Since each author can have created several subreds, its most probably going to be several edges originating from each author. As previously mentioned,
we can use the MD5()-function again to reference the author previously created:
db._query(`
FOR onesubred IN RawSubReddits
INSERT {
_from: CONCAT('authors/', MD5(onesubred.author)),
_to: CONCAT('RawSubReddits/', onesubred._key)

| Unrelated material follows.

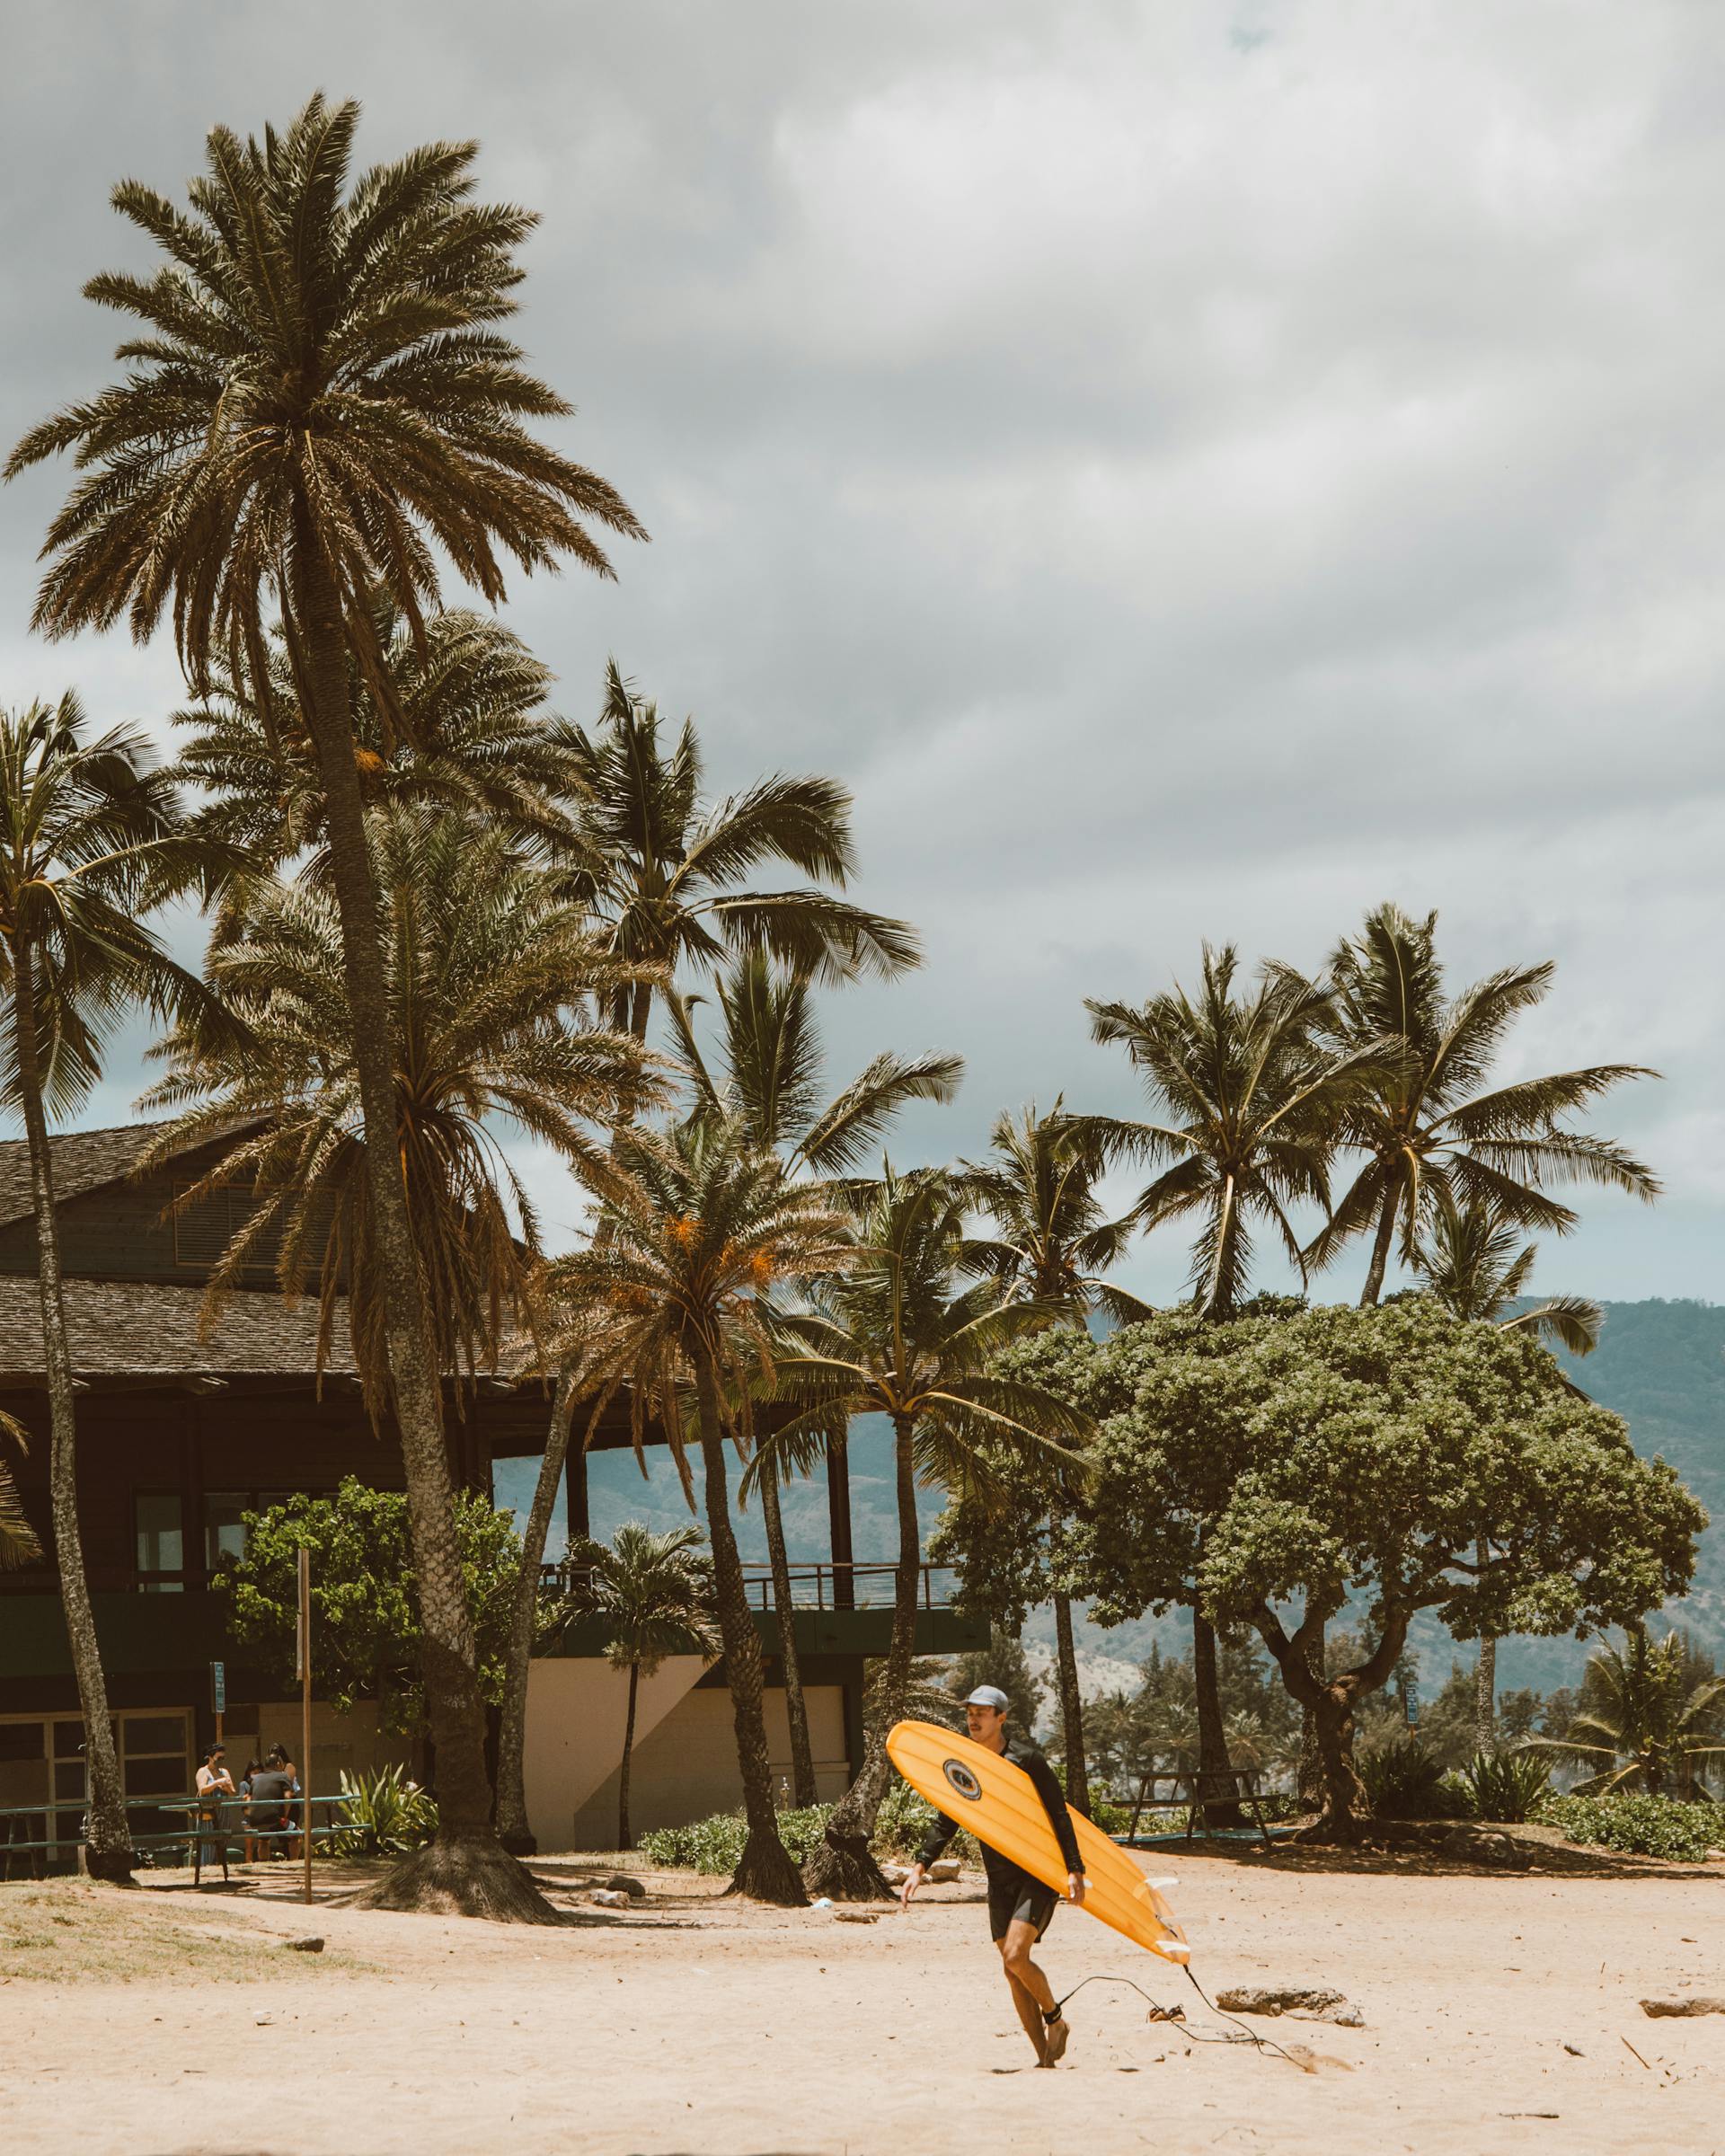 A man walking with a surfboard on a beach | Source: Pexels

} INTO authorsToSubreddits")
After the edge collection is filled (which may again take a while - we're talking about 40 million edges herer, right? - we create the graph description:
db._graphs.save({
"_key": "reddits",
"orphanCollections" : [ ],
"edgeDefinitions" : [
{
"collection": "authorsToSubreddits",
"from": ["authors"],
"to": ["RawSubReddits"]
}
]
})
We now can use the UI to browse the graphs, or use AQL queries to browse the graph. Lets pick the sort of random first author from that list:
db._query(`for author IN authors LIMIT 1 RETURN author`).toArray()
[
{
"_key" : "1cec812d4e44b95e5a11f3cbb15f7980",
"_id" : "authors/1cec812d4e44b95e5a11f3cbb15f7980",
"_rev" : "_W_Eu-----_",
"author" : "punchyourbuns"
}
]
We identified an author, and now run a graph query for him:
db._query(`FOR vertex, edge, path IN 0..1
OUTBOUND 'authors/1cec812d4e44b95e5a11f3cbb15f7980'
GRAPH 'reddits'
RETURN path`).toArray()
One of the resulting paths looks like that:
{
"edges" : [
{
"_key" : "128327199",
"_id" : "authorsToSubreddits/128327199",
"_from" : "authors/1cec812d4e44b95e5a11f3cbb15f7980",
"_to" : "RawSubReddits/38026350",
"_rev" : "_W_LOxgm--F"
}
],
"vertices" : [
{
"_key" : "1cec812d4e44b95e5a11f3cbb15f7980",
"_id" : "authors/1cec812d4e44b95e5a11f3cbb15f7980",
"_rev" : "_W_HAL-y--_",
"author" : "punchyourbuns"
},
{
"_key" : "38026350",
"_id" : "RawSubReddits/38026350",
"_rev" : "_W-JS0na--b",
"distinguished" : null,
"created_utc" : 1484537478,
"id" : "dchfe6e",
"edited" : false,
"parent_id" : "t1_dch51v3",
"body" : "I don't understand tension at all."
"Mine is set to auto."
"I'll replace the needle and rethread. Thanks!",
"stickied" : false,
"gilded" : 0,
"subreddit" : "sewing",
"author" : "punchyourbuns",
"score" : 3,
"link_id" : "t3_5o66d0",
"author_flair_text" : null,
"author_flair_css_class" : null,
"controversiality" : 0,
"retrieved_on" : 1486085797,
"subreddit_id" : "t5_2sczp"
}
]
}